Huenink's message framed the deal as a scaling move rather than a handoff. He said 7 Days to Die still has a long list of ideas the studio wants to pursue and that the team needed the right partner to get there. In that telling, Behaviour was chosen not to replace the existing creative core, but to supply the resources and organizational backing needed for a much larger long-term plan.

Why it matters

For Behaviour Interactive, the acquisition broadens a horror-heavy portfolio that already includes Dead by Daylight. For The Fun Pimps, it creates a route to expand a game that already has a massive installed audience but still behaves like a living project rather than a finished product. Huenink specifically said the studios are aligned on community and modding, which is a crucial point for players worried that a corporate parent could flatten the culture that helped 7 Days to Die endure.

The staffing language in the announcement is also worth watching. The Fun Pimps said Behaviour's backing will help expand art, engineering, design, community, and player-support teams. That suggests this is not just an IP transaction.

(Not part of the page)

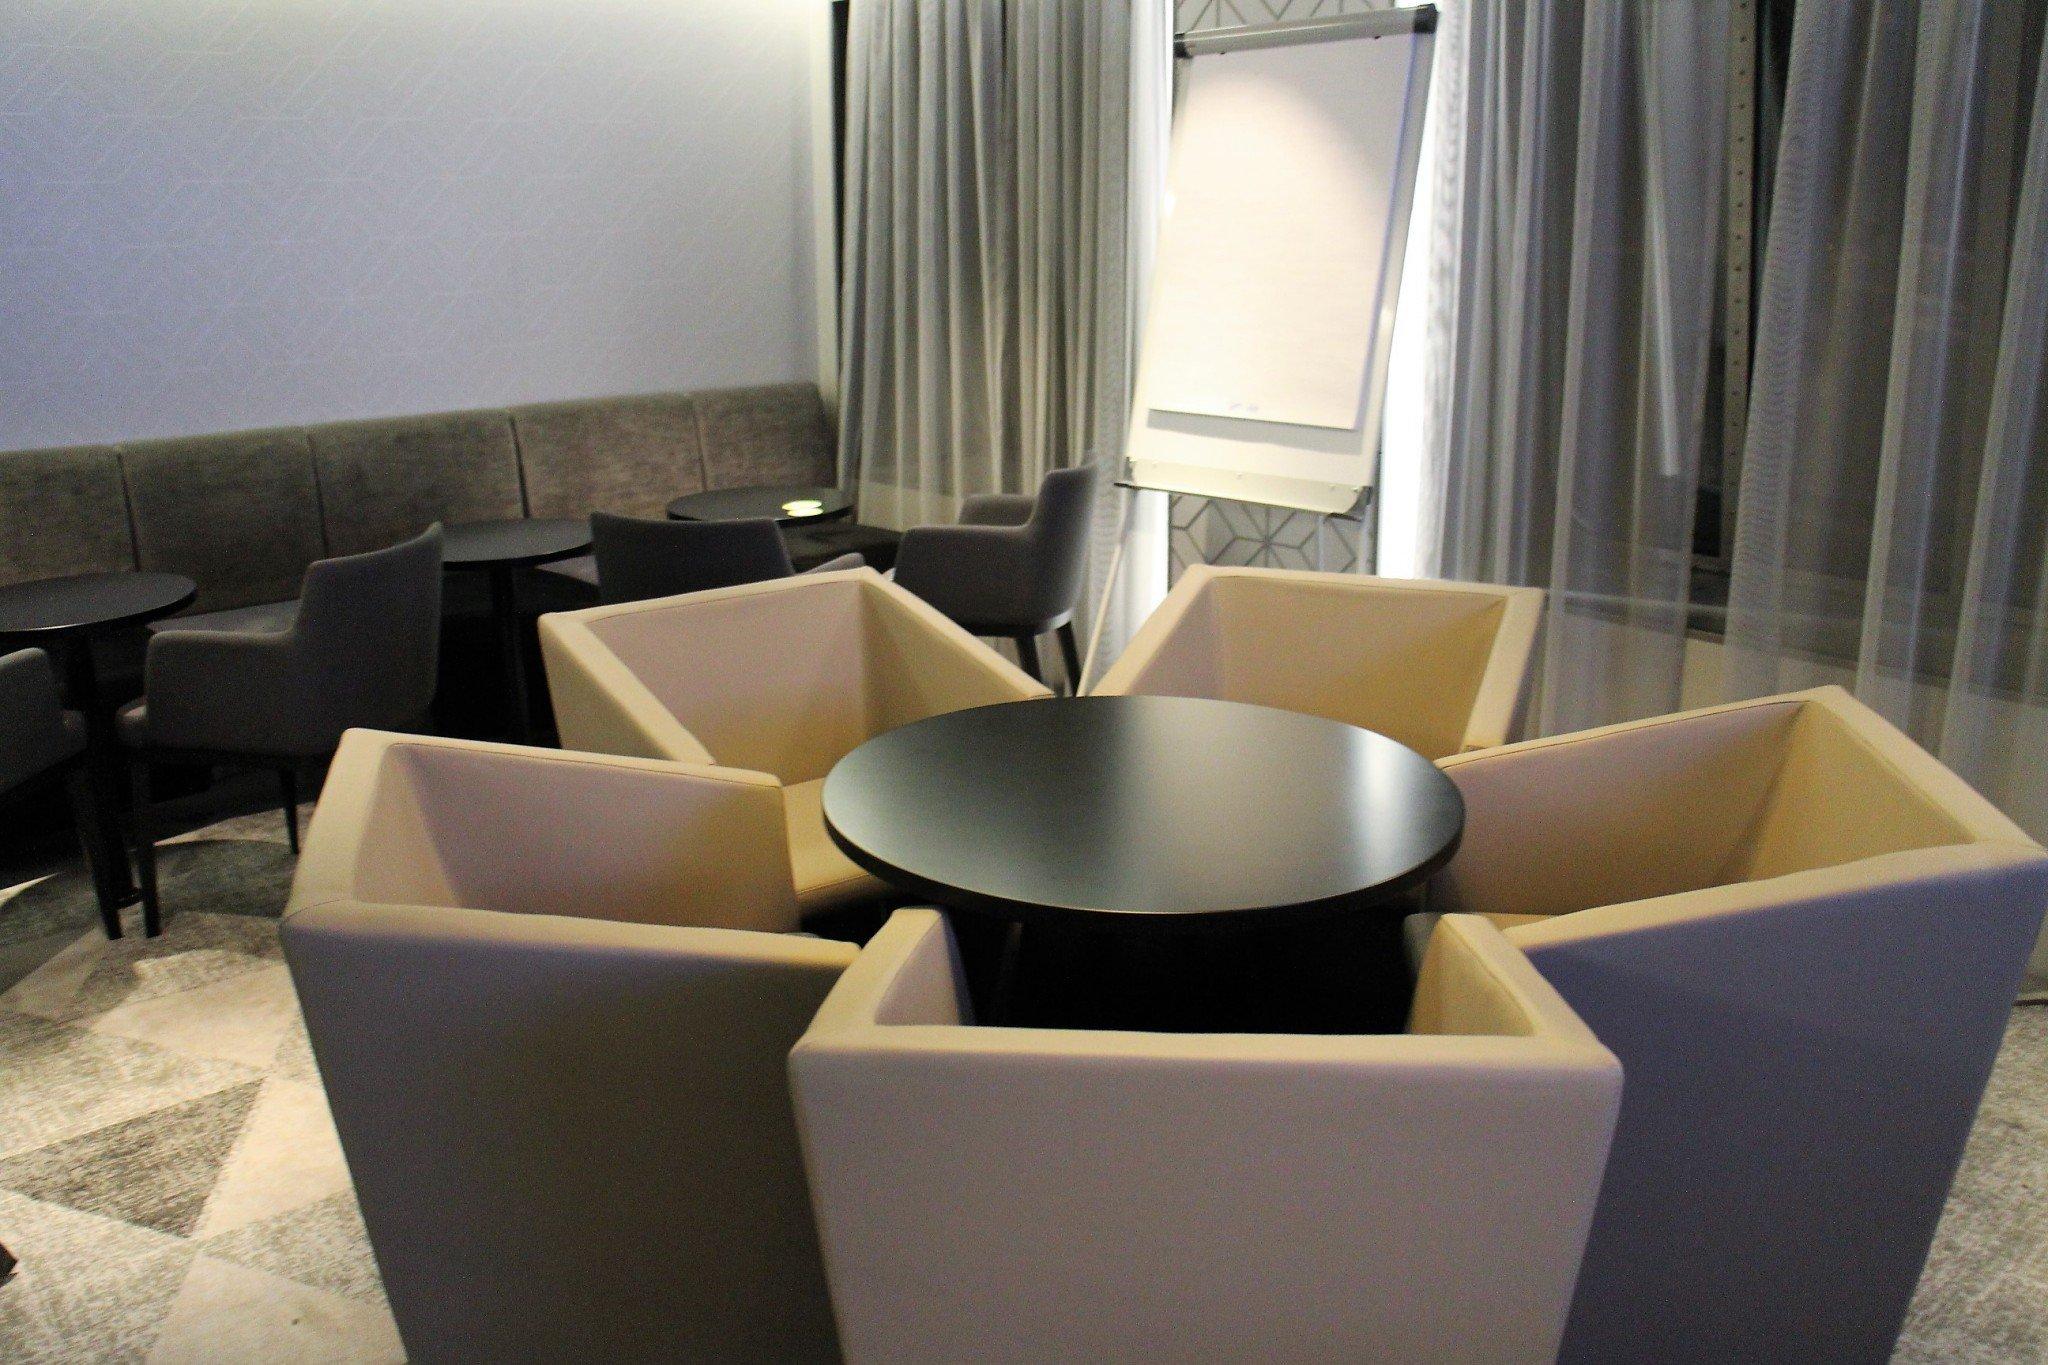 Megastar Comfort Lounge ryhmätyötila

It is an operational investment aimed at giving 7 Days to Die more capacity to ship features, support players, and maintain momentum as the survival-crafting market gets more crowded.

What comes next

  • The Fun Pimps said it plans to share more details later this year, so a clearer roadmap is likely the next major checkpoint.
  • Fans will be watching whether mod support and community-facing priorities stay intact after the ownership change.
  • Behaviour now has a chance to prove it can nurture another long-lived PC-first audience without forcing it into a completely different operating model.

The key takeaway is that neither side is presenting this as an ending. On March 24, 2026 the message was that 7 Days to Die is still a growth story, and that Behaviour Interactive is betting there is enough demand left to justify a bigger team and a longer runway.